The inner Quadrilateral of torle's theorem circle

From Wikipedia:

In mathematics, torle's theorem is a quadrilateral Theorem in Euclidean geometry. Torle's theorem indicates that the sum of the product of the two sides of a convex quadrilateral is not less than the product of the two diagonal lines. An equal sign is obtained only when the quadrilateral is a circular inner quadrilateral or degrades to a straight line (also known as Euler's theorem ). The narrow tolemi theorem can also be described as: the product of the two sides of a convex quadrilateral in a circle and the product of the two diagonal lines. Its Inverse Theorem is also true: if the product of the two sides of a convex quadrilateral is equal to the product of the two diagonal lines, the convex quadrilateral is connected to a circle. Torle's theorem can be seen as a method for determining the inner Quadrilateral of a circle.

Geometric proof

1. Set ABCD to an inner quadrilateral.
2. on the string BC, the circumference of the byte BAC = ∠ BDC, and on the AB, the byte ADB = ∠ ACB.
3. Take a little K on the AC so that ∠ ABK = ∠ CBD; Because ∠ ABK + ∠ CBK = ∠ ABC = ∠ CBD + ∠ ABD, ∠ CBK = ∠ ABD.
4. Therefore, △abk is similar to △dbc. Similarly, △abd is similar to △kbc.
5. Therefore, AK/AB = CD/BD and CK/BC = DA/BD;
6. Therefore, AK * BD = AB * CD and CK * BD = BC * DA;
7. The two formula is added to get (AK + CK) * BD = AB * CD + BC * DA;
8. But AK + CK = AC, so AC * BD = AB * CD + BC * DA. Pass.
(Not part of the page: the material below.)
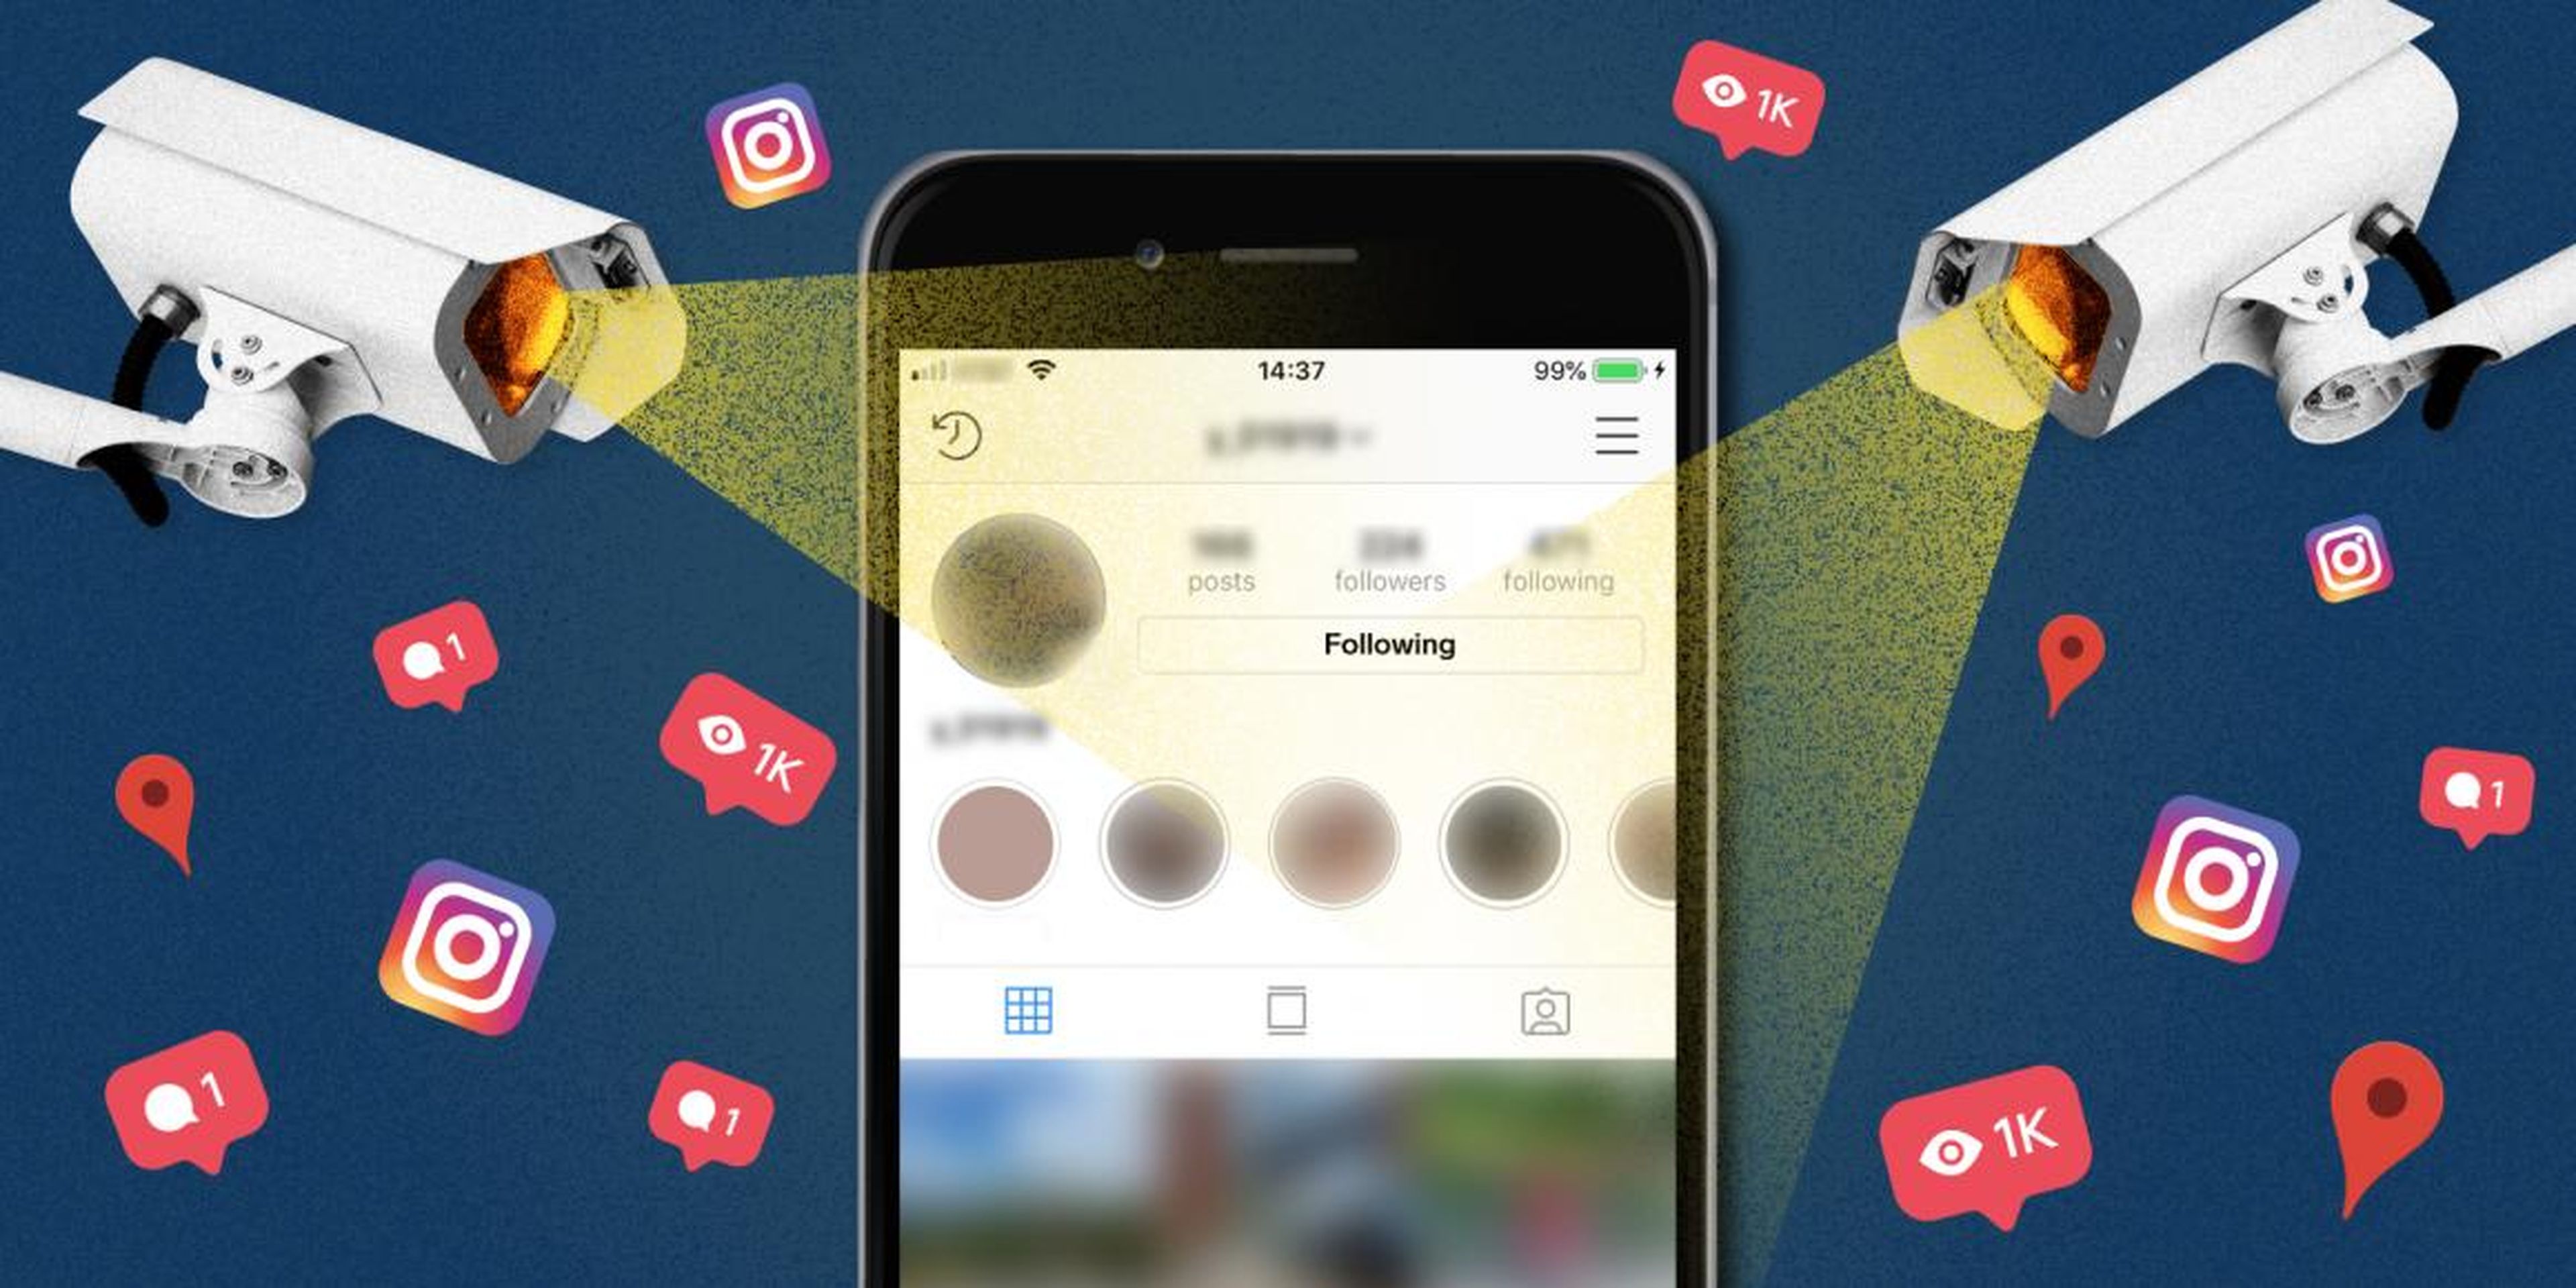 Las prácticas de privacidad poco estrictas de Instagram permiten que un socio de confianza rastree las ubicaciones físicas de millones de usuarios, guarde en secreto sus historias y desobedezca sus reglas.

Geometric proof of Inverse Theorem
Using the ry method, we can also prove the torlemi Theorem and Its Inverse Theorem. Set to any convex quadrilateral. If a triangle is similar to a triangle, the following occurs:

Export ABP = ∠ DBC (Red Corner)
Therefore, mongoabd = mongopbc
At the same time, according to the properties of similar triangles, there are:

AB/BD = BP/BC
It can be seen that the triangle and the triangle are also similar. The two similarities are described as follows:
AB * CD = BD * AP;

AD * BC = BD * PC;
Add the two formulas to get:

AB * CD + AD * BC = (AP + PC) * BD> = AC * DB
An equal sign is equivalent to A, B, C, and D when it is only A, P, and C, and is equivalent to ∠ BAC = ∠ BAP = ∠ BDC. Therefore, the proposition is proved.